• Exercise objective:
The response should be a precise copy of every entry.

[Items listed in a dataset]
· · · · ·

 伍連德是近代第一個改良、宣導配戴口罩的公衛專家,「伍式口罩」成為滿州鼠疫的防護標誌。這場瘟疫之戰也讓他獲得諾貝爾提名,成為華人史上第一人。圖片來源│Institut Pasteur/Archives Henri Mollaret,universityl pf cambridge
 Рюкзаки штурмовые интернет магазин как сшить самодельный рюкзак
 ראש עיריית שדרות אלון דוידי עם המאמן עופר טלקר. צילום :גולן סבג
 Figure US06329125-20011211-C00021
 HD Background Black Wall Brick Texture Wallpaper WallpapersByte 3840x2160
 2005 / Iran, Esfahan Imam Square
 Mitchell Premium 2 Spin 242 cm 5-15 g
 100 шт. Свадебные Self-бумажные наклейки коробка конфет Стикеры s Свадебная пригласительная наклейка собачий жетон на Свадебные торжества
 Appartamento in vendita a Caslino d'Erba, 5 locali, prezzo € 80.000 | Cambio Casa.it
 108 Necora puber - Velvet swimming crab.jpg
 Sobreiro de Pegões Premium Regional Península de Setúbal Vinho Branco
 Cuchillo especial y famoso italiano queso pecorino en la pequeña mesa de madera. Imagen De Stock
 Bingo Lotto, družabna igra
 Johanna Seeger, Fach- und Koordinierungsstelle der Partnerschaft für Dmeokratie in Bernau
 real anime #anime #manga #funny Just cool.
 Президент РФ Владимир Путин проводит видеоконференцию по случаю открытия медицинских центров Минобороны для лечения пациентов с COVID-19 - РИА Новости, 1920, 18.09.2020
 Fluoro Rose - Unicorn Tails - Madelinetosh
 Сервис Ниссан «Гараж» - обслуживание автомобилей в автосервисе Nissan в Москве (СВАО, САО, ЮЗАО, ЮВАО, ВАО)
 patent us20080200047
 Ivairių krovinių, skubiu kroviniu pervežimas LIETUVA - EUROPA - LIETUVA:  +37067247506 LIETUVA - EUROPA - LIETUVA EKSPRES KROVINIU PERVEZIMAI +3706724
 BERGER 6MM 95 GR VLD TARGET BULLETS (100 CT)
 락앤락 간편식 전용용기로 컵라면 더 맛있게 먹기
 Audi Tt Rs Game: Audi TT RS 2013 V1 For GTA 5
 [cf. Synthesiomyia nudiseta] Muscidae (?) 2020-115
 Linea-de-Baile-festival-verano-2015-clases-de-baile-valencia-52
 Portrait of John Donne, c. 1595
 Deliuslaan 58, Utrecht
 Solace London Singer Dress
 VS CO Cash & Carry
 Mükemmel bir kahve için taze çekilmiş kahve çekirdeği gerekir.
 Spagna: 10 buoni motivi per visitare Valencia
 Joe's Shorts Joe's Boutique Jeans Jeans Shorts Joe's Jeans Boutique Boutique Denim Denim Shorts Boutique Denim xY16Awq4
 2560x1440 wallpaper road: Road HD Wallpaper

· · · · ·

• Solution for this task:
 伍連德是近代第一個改良、宣導配戴口罩的公衛專家,「伍式口罩」成為滿州鼠疫的防護標誌。這場瘟疫之戰也讓他獲得諾貝爾提名,成為華人史上第一人。圖片來源│Institut Pasteur/Archives Henri Mollaret,universityl pf cambridge
 Рюкзаки штурмовые интернет магазин как сшить самодельный рюкзак
 ראש עיריית שדרות אלון דוידי עם המאמן עופר טלקר. צילום :גולן סבג
 Figure US06329125-20011211-C00021
 HD Background Black Wall Brick Texture Wallpaper WallpapersByte 3840x2160
 2005 / Iran, Esfahan Imam Square
 Mitchell Premium 2 Spin 242 cm 5-15 g
 100 шт. Свадебные Self-бумажные наклейки коробка конфет Стикеры s Свадебная пригласительная наклейка собачий жетон на Свадебные торжества
 Appartamento in vendita a Caslino d'Erba, 5 locali, prezzo € 80.000 | Cambio Casa.it
 108 Necora puber - Velvet swimming crab.jpg
 Sobreiro de Pegões Premium Regional Península de Setúbal Vinho Branco
 Cuchillo especial y famoso italiano queso pecorino en la pequeña mesa de madera. Imagen De Stock
 Bingo Lotto, družabna igra
 Johanna Seeger, Fach- und Koordinierungsstelle der Partnerschaft für Dmeokratie in Bernau
 real anime #anime #manga #funny Just cool.
 Президент РФ Владимир Путин проводит видеоконференцию по случаю открытия медицинских центров Минобороны для лечения пациентов с COVID-19 - РИА Новости, 1920, 18.09.2020
 Fluoro Rose - Unicorn Tails - Madelinetosh
 Сервис Ниссан «Гараж» - обслуживание автомобилей в автосервисе Nissan в Москве (СВАО, САО, ЮЗАО, ЮВАО, ВАО)
 patent us20080200047
 Ivairių krovinių, skubiu kroviniu pervežimas LIETUVA - EUROPA - LIETUVA:  +37067247506 LIETUVA - EUROPA - LIETUVA EKSPRES KROVINIU PERVEZIMAI +3706724
 BERGER 6MM 95 GR VLD TARGET BULLETS (100 CT)
 락앤락 간편식 전용용기로 컵라면 더 맛있게 먹기
 Audi Tt Rs Game: Audi TT RS 2013 V1 For GTA 5
 [cf. Synthesiomyia nudiseta] Muscidae (?) 2020-115
 Linea-de-Baile-festival-verano-2015-clases-de-baile-valencia-52
 Portrait of John Donne, c. 1595
 Deliuslaan 58, Utrecht
 Solace London Singer Dress
 VS CO Cash & Carry
 Mükemmel bir kahve için taze çekilmiş kahve çekirdeği gerekir.
 Spagna: 10 buoni motivi per visitare Valencia
 Joe's Shorts Joe's Boutique Jeans Jeans Shorts Joe's Jeans Boutique Boutique Denim Denim Shorts Boutique Denim xY16Awq4
 2560x1440 wallpaper road: Road HD Wallpaper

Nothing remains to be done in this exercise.